Let us compare two things, manure and ice cream. None of us would willingly eat manure, especially if it stunk real bad. All of us would happily eat ice cream. And so, how much manure is acceptable in our ice cream. My friends, sin is like manure and a much stronger word would be more appropriate, but this is for publication. All sin is manure, and yet we happily mix in a little manure with our bowl of ice cream.

The Cure of Ars says later: “No, my friend; you either belong wholly to God or wholly to the world.” And Jesus said it clearer: ‟He that is not with me, is against me: and he that gathereth not with me, scattereth.”

There is no middle ground. As Saint Augustine says there are two cities we can build up in our souls, and we build one of the other. They can’t both exist in the same place. The first is the City of God and the other is the City of Satan.

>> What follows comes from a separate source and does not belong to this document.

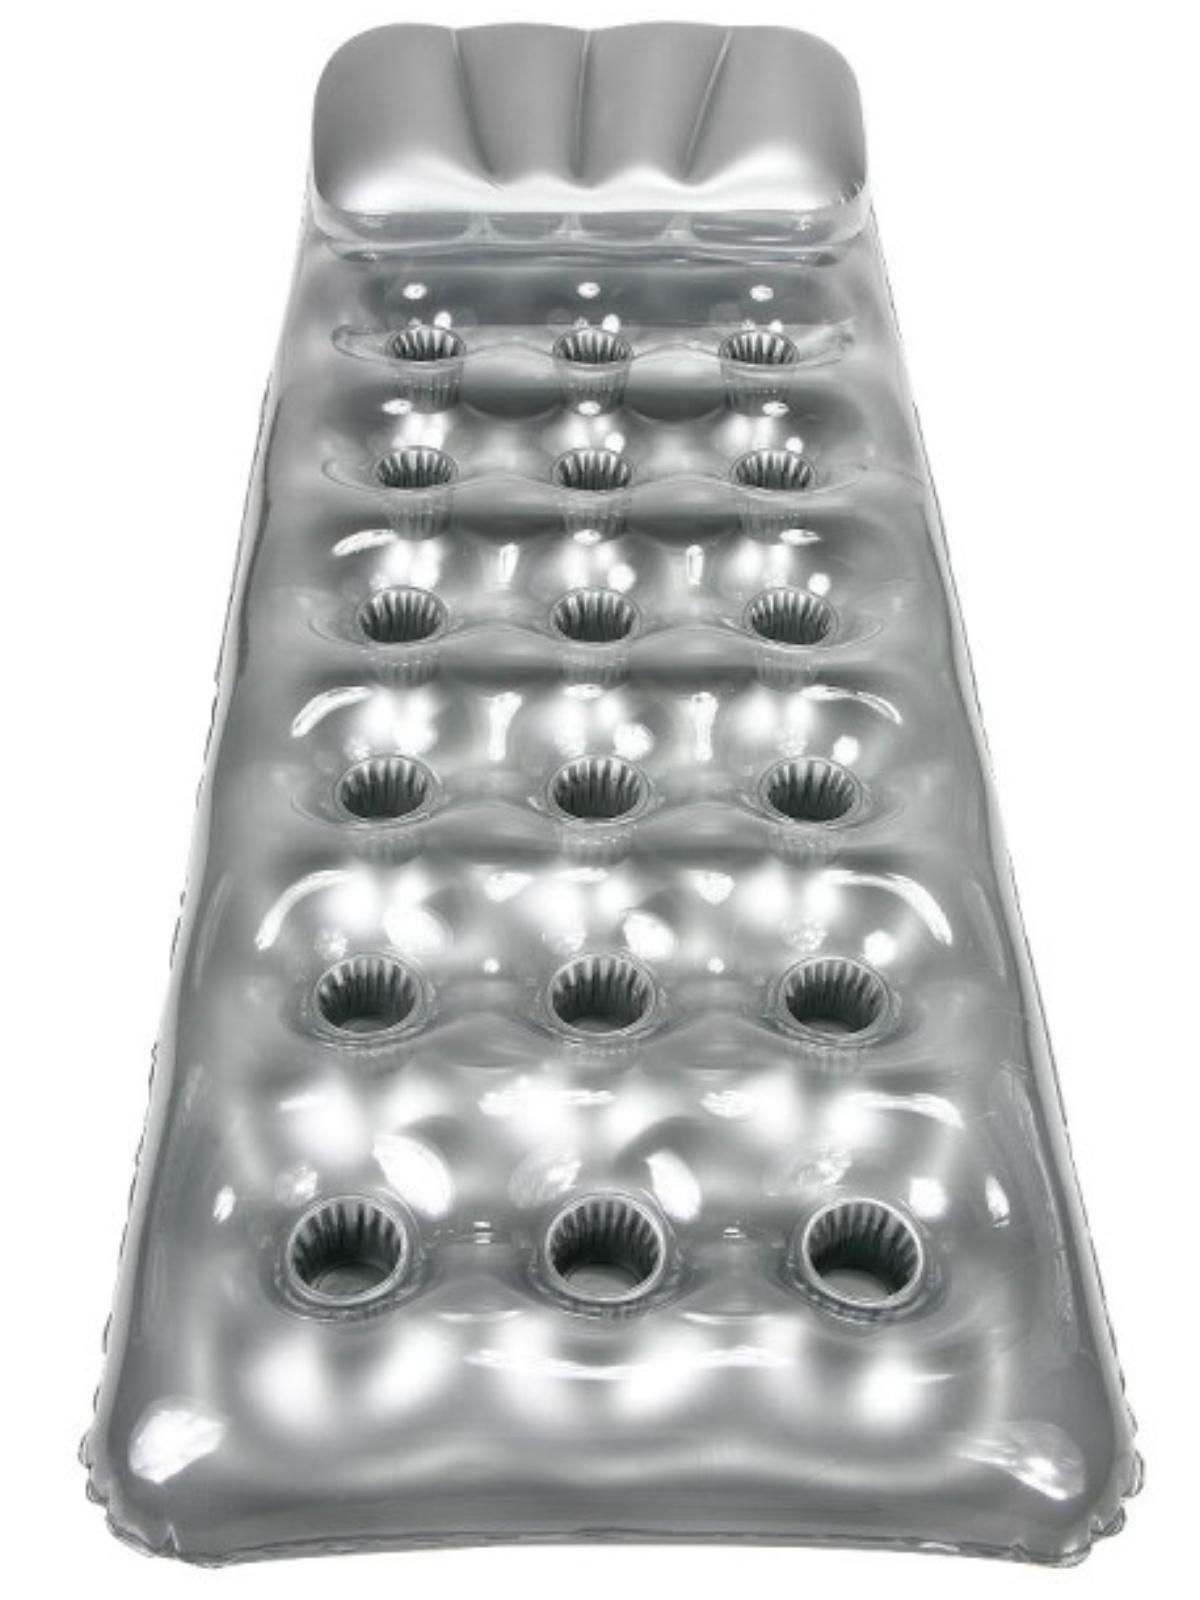 Nafukovací lehátko stříbrné s otvory 188 x 71cm

What confuses people is that there are three places we can go at death, heaven, hell and purgatory. And so, we aim at purgatory, knowing that it is difficult to go straight to heaven. Difficult, but not impossible. “With men this is impossible: but with God all things are possible.” (Matthew 19:26)

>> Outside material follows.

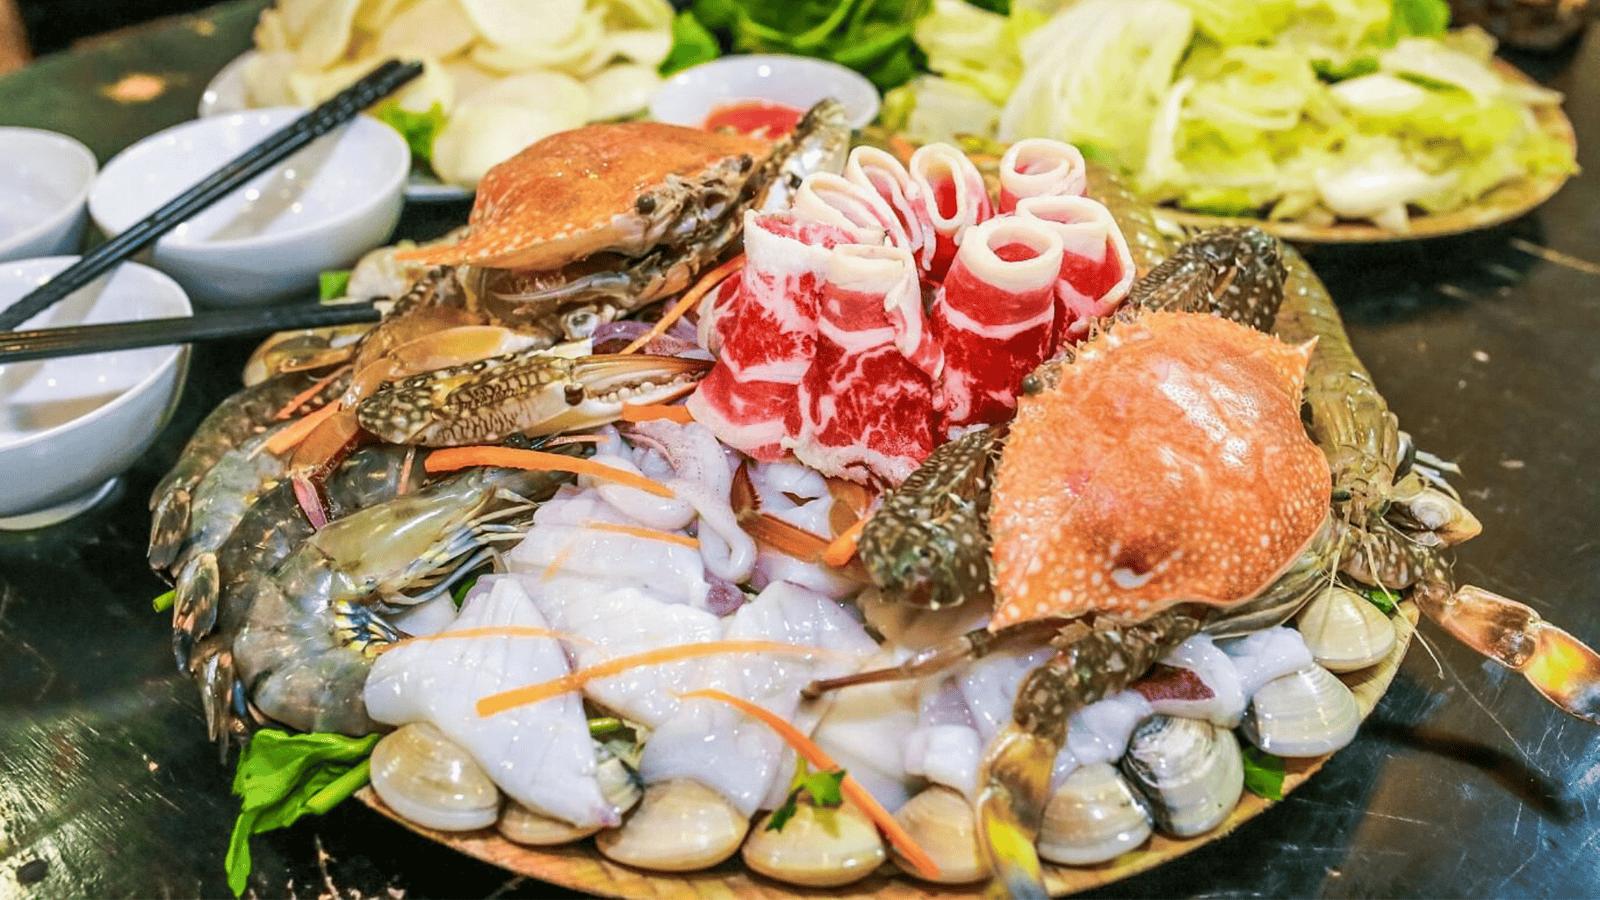 Hải sản là món chính được các nhà hàng tại đây phục vụ

Actually there are two places to go, heaven or hell. The road to heaven passes through Purgatory. We have a choice, we can do our Purgatory here, purging all worldliness out of ourselves, or leave part of the job for the next life. Old Scratch, Satan, would like to convince us that there is an easy road to Purgatory, and then we can get on to heaven. However, what he wants to do is steer us off of the road to heaven and on to the road to hell, while fooling us in to believing we are on the road to purgatory.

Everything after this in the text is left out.